* _MATERIAL FOR THE TASK_

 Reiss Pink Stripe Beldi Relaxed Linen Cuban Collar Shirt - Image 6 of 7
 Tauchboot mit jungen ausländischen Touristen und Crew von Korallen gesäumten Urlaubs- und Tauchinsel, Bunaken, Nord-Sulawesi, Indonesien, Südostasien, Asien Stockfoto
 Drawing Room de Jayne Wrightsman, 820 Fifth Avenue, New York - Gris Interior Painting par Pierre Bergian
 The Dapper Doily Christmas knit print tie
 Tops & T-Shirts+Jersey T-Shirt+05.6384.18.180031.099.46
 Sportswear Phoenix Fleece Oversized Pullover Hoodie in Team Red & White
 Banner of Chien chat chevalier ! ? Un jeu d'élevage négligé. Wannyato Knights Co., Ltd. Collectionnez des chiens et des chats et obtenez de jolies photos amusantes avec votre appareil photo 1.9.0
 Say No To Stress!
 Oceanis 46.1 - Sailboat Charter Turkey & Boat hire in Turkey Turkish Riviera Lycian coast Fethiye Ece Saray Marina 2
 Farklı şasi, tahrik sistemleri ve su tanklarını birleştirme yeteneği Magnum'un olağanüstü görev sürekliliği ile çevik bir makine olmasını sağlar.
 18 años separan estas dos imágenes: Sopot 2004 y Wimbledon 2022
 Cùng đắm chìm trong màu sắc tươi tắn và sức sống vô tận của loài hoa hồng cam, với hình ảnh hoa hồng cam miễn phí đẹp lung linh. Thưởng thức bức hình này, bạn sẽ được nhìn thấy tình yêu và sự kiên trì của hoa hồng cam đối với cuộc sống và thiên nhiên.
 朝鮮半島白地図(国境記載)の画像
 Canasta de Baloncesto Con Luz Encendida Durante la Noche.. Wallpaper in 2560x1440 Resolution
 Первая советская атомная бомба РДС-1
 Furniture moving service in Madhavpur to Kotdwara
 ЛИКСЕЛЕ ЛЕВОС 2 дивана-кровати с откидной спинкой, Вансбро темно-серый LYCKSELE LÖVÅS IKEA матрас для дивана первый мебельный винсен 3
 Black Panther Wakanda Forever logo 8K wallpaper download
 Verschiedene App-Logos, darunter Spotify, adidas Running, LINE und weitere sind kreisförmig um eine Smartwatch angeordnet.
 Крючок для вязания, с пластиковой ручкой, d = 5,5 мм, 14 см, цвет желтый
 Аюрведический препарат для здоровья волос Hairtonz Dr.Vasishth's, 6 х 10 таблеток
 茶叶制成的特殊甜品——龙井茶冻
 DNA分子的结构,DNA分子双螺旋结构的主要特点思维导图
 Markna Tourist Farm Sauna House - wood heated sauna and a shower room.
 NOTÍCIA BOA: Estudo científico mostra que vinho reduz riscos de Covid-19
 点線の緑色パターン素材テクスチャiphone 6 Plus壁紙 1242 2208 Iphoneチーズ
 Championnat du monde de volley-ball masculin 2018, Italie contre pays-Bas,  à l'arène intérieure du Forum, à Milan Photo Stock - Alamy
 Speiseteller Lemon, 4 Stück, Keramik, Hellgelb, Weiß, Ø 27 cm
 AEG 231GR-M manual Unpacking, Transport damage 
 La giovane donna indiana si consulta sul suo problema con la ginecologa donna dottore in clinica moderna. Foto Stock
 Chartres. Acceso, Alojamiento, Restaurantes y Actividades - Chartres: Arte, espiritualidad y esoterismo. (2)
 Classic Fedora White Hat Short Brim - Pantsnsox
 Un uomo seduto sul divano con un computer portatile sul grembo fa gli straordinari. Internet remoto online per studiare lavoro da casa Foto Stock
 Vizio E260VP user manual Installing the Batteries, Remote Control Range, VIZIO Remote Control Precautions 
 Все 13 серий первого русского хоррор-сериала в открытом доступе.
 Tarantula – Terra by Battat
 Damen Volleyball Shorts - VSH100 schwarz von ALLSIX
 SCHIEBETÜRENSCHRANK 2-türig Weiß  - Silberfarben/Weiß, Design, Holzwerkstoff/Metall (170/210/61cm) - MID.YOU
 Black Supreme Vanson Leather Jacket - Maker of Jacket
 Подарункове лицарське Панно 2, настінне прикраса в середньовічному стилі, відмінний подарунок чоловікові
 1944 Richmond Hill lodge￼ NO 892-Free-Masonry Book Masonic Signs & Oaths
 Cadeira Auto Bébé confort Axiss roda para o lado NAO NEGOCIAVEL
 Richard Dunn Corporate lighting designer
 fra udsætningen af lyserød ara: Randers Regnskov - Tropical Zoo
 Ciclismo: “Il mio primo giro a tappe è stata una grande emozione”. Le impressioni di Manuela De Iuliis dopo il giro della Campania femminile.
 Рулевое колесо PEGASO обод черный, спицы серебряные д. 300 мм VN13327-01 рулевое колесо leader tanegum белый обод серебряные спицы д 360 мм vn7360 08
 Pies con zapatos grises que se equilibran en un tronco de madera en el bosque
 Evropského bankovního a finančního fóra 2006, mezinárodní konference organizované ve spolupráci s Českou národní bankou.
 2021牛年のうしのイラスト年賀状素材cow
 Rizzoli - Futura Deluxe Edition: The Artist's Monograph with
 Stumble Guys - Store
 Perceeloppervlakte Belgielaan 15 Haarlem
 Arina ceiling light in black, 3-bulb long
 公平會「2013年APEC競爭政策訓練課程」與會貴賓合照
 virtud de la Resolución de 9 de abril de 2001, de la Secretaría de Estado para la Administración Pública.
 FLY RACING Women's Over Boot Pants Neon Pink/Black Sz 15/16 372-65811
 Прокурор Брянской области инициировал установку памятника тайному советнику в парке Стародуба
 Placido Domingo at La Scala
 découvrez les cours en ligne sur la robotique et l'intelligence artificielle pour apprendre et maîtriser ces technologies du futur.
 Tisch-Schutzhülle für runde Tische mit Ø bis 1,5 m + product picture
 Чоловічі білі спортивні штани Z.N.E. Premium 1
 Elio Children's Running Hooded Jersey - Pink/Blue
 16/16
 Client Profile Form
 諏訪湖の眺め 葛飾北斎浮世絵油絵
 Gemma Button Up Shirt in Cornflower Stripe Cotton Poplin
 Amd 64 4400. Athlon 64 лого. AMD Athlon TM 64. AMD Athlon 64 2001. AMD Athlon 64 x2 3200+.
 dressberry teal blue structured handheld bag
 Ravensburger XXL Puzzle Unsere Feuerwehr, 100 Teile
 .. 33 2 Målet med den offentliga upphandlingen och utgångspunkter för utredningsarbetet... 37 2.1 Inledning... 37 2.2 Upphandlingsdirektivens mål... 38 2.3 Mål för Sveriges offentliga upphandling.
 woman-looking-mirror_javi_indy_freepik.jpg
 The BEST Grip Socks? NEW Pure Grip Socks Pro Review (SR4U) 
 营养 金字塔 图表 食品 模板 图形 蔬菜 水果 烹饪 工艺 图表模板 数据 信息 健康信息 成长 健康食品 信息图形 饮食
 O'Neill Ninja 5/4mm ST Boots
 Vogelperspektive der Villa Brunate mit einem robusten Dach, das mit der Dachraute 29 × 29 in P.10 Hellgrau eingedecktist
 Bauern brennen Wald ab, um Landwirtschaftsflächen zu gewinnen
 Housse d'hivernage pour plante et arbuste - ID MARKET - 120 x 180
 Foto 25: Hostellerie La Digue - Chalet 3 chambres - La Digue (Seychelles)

* _THE PROBLEM_
Nothing but the lines from the beginning of the records through the line with "Verschiedene App-Logos, darunter" should appear, each printed exactly.

* _RESPONSE TO THE TASK_
 Reiss Pink Stripe Beldi Relaxed Linen Cuban Collar Shirt - Image 6 of 7
 Tauchboot mit jungen ausländischen Touristen und Crew von Korallen gesäumten Urlaubs- und Tauchinsel, Bunaken, Nord-Sulawesi, Indonesien, Südostasien, Asien Stockfoto
 Drawing Room de Jayne Wrightsman, 820 Fifth Avenue, New York - Gris Interior Painting par Pierre Bergian
 The Dapper Doily Christmas knit print tie
 Tops & T-Shirts+Jersey T-Shirt+05.6384.18.180031.099.46
 Sportswear Phoenix Fleece Oversized Pullover Hoodie in Team Red & White
 Banner of Chien chat chevalier ! ? Un jeu d'élevage négligé. Wannyato Knights Co., Ltd. Collectionnez des chiens et des chats et obtenez de jolies photos amusantes avec votre appareil photo 1.9.0
 Say No To Stress!
 Oceanis 46.1 - Sailboat Charter Turkey & Boat hire in Turkey Turkish Riviera Lycian coast Fethiye Ece Saray Marina 2
 Farklı şasi, tahrik sistemleri ve su tanklarını birleştirme yeteneği Magnum'un olağanüstü görev sürekliliği ile çevik bir makine olmasını sağlar.
 18 años separan estas dos imágenes: Sopot 2004 y Wimbledon 2022
 Cùng đắm chìm trong màu sắc tươi tắn và sức sống vô tận của loài hoa hồng cam, với hình ảnh hoa hồng cam miễn phí đẹp lung linh. Thưởng thức bức hình này, bạn sẽ được nhìn thấy tình yêu và sự kiên trì của hoa hồng cam đối với cuộc sống và thiên nhiên.
 朝鮮半島白地図(国境記載)の画像
 Canasta de Baloncesto Con Luz Encendida Durante la Noche.. Wallpaper in 2560x1440 Resolution
 Первая советская атомная бомба РДС-1
 Furniture moving service in Madhavpur to Kotdwara
 ЛИКСЕЛЕ ЛЕВОС 2 дивана-кровати с откидной спинкой, Вансбро темно-серый LYCKSELE LÖVÅS IKEA матрас для дивана первый мебельный винсен 3
 Black Panther Wakanda Forever logo 8K wallpaper download
 Verschiedene App-Logos, darunter Spotify, adidas Running, LINE und weitere sind kreisförmig um eine Smartwatch angeordnet.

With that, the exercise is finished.